There’s no doubt that narrowing the focus helps to improve efficiency, both in selecting funds for a portfolio and monitoring their performance. But it also means that some high-performance funds get overlooked because they are too small or too obscure to attract attention. Sometimes these funds are offered by major companies but have been buried beneath the pile of more popular entries. Sometimes they are sponsored by firms that few people have heard of. And sometimes they have not been around long enough to establish a presence.
Here are three of the best of these Hidden Gems for 2007. Only funds with total assets under management of less than $200 million qualify for consideration.
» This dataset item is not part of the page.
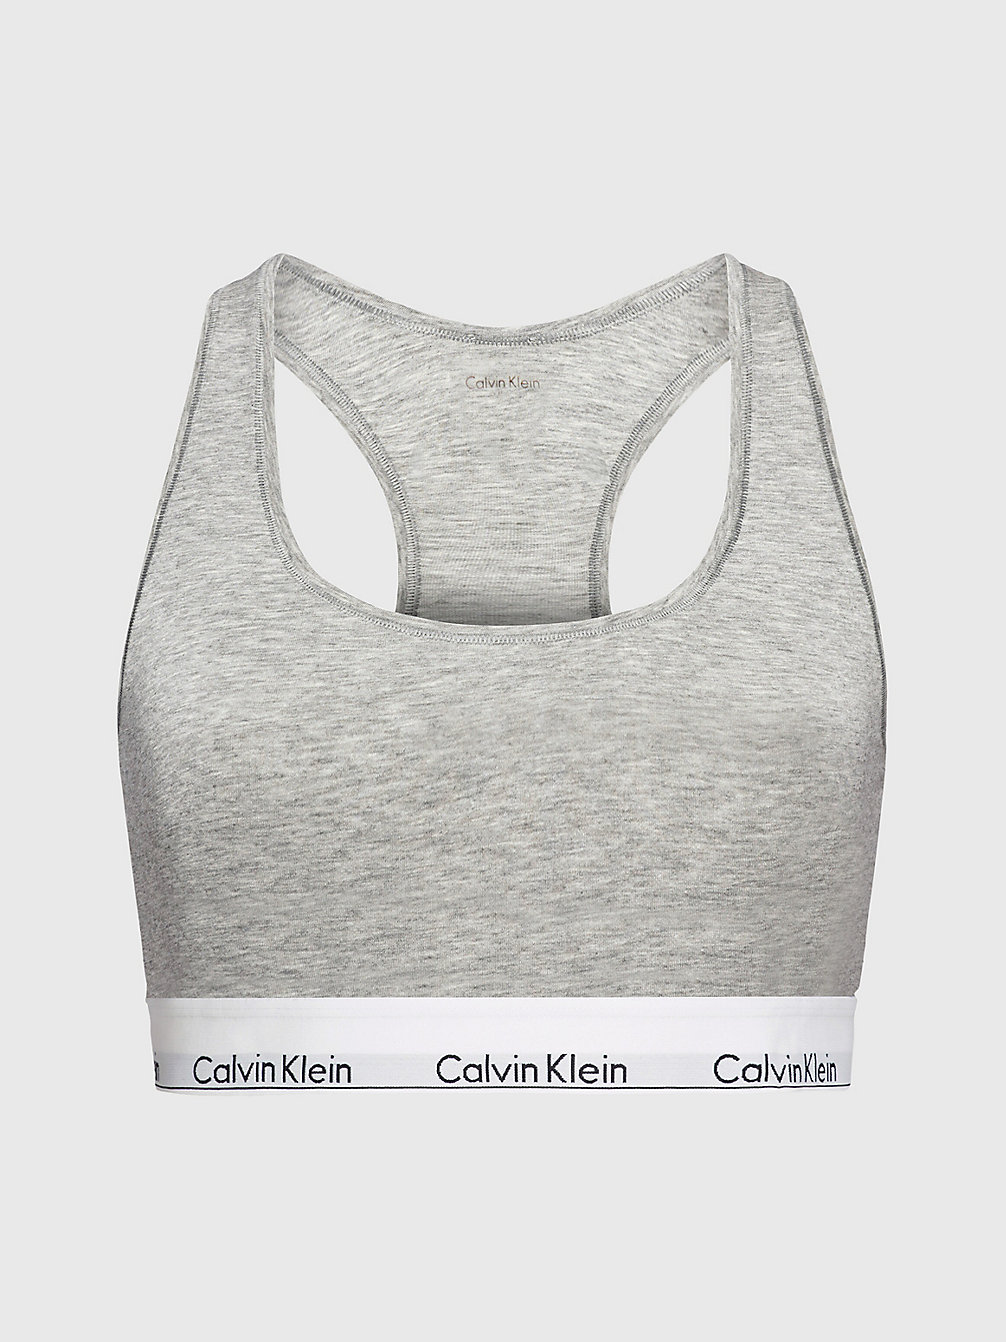 GREY HEATHER Plus Size Bralette - Modern Cotton undefined women Calvin Klein

AGF US Value Class. This overlooked fund (only $48.7 million in assets) is run out of Dublin, Ireland by AGF International Advisors. They’re the same group that has done such a great job with AGF European Equity Fund and AGF International Stock Fund. Recently the strong performance of those entries was rewarded when the group was given control of the AGF International Value Fund, a move which in retrospect the company should have made five years ago. This little value fund is overseen by Rory Flynn, who was recently joined by Yvonne Brett at the helm. The mandate is to use the group’s bottom-up approach to stock selection to find undervalued mid- and large-cap stocks in the US market. After a weak start in 2002 (-14.5 per cent) and relatively unimpressive returns from 2003 to 2005, in large part due to the rise of the loonie, this fund is finally hitting its stride. It gained 12.2 per cent in the year to March 31, more than double the category average, and its average annual returns over three and five years are well above the US equity fund norm. Almost half the fund was committed to the financial sector in early 2007, with the top 10 holdings including companies such as Bank of America, US Bancorp, Fannie Mae, and Wachovia. The value approach of the management team should keep risk within reasonable bounds. Rating: $$$ (out of four).
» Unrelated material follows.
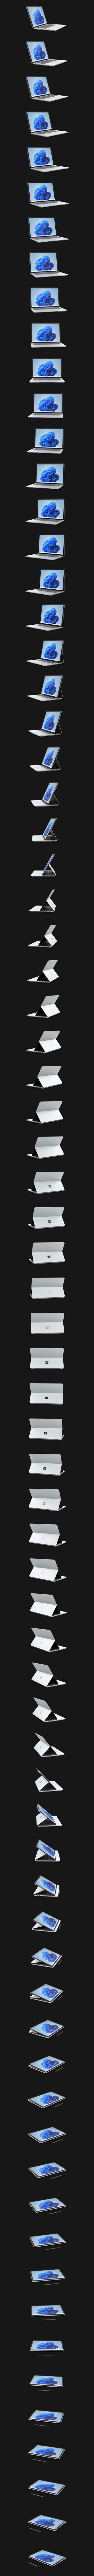 Surface Laptop Studio som roterar 360 grader.

BMO North American Dividend Fund. This used to be called the NAFTA Advantage Fund. In May 2006, unitholders approved a mandate change and the focus is now on dividend-paying common and preferred shares, mainly from the US and Canada. However, there was no change in the management team of Michael Stanley and Andrew Janes so it’s pretty well been business as usual. As of the end of March, US blue-chip stocks dominated the portfolio with American stocks accounting for 68 per cent of the assets compared to 30 per cent for Canada and 2 per cent for Mexico. Both before and since the change-over, this fund has been an above-average performer. The one-year gain to March 31 was 17.8 per cent, more than double the category average. Longer-term results have also been very good. Despite the word “dividend” in the name, don’t look for cash flow from this fund; distributions are paid only once a year, in December. The fund, which has slightly more than $100 million in assets, is best suited for investors looking for long-term growth and a relatively conservative management style. Rating: $$$.
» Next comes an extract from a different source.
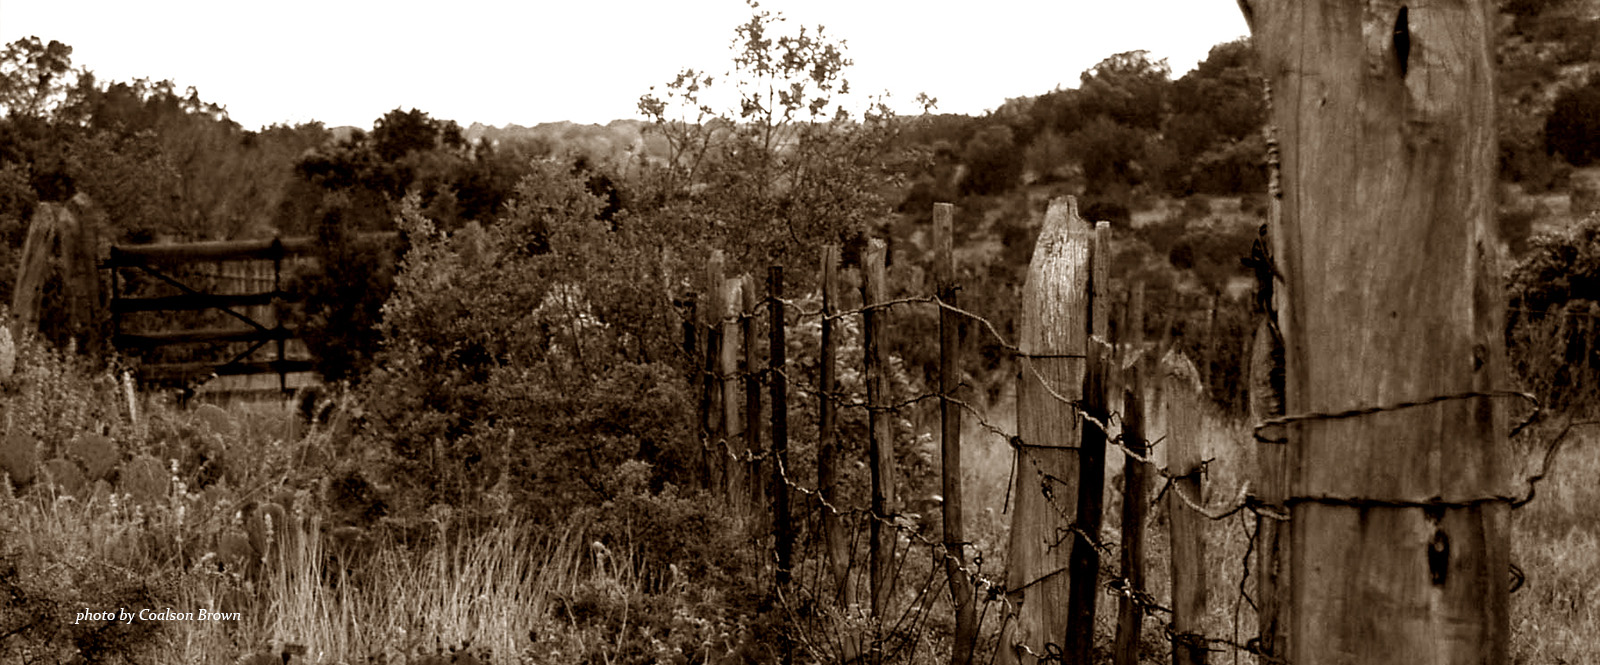 fence and foliage image

Capital Global Small Companies Fund. This is my top pick from Scotiabank’s Capital funds line-up. It invests in Class I units of Capital International – Global Small Cap Fund which focuses on companies with a market cap of between $75 million and $2.25 billion – a very large range for a fund of this type. The fund got off to a terrible start with losses of 17.7 per cent in 2001 and 14.5 per cent in 2002. But the end of the bear market brought about a turn in fortunes and over the past three years (to March 31) it gained an average of 10.2 per cent annually, more than a full percentage point above the category average. As you might infer from those first two bad years, volatility is on the high side so this is not a good fund for an RRSP. But it’s appropriate if you want to add some high risk/high return global exposure to your non-registered portfolio. This is a tiny fund with assets of less than $9 million – it deserves a better fate. Rating: $$$.
Check with your financial advisor to see if any of these are right for your needs.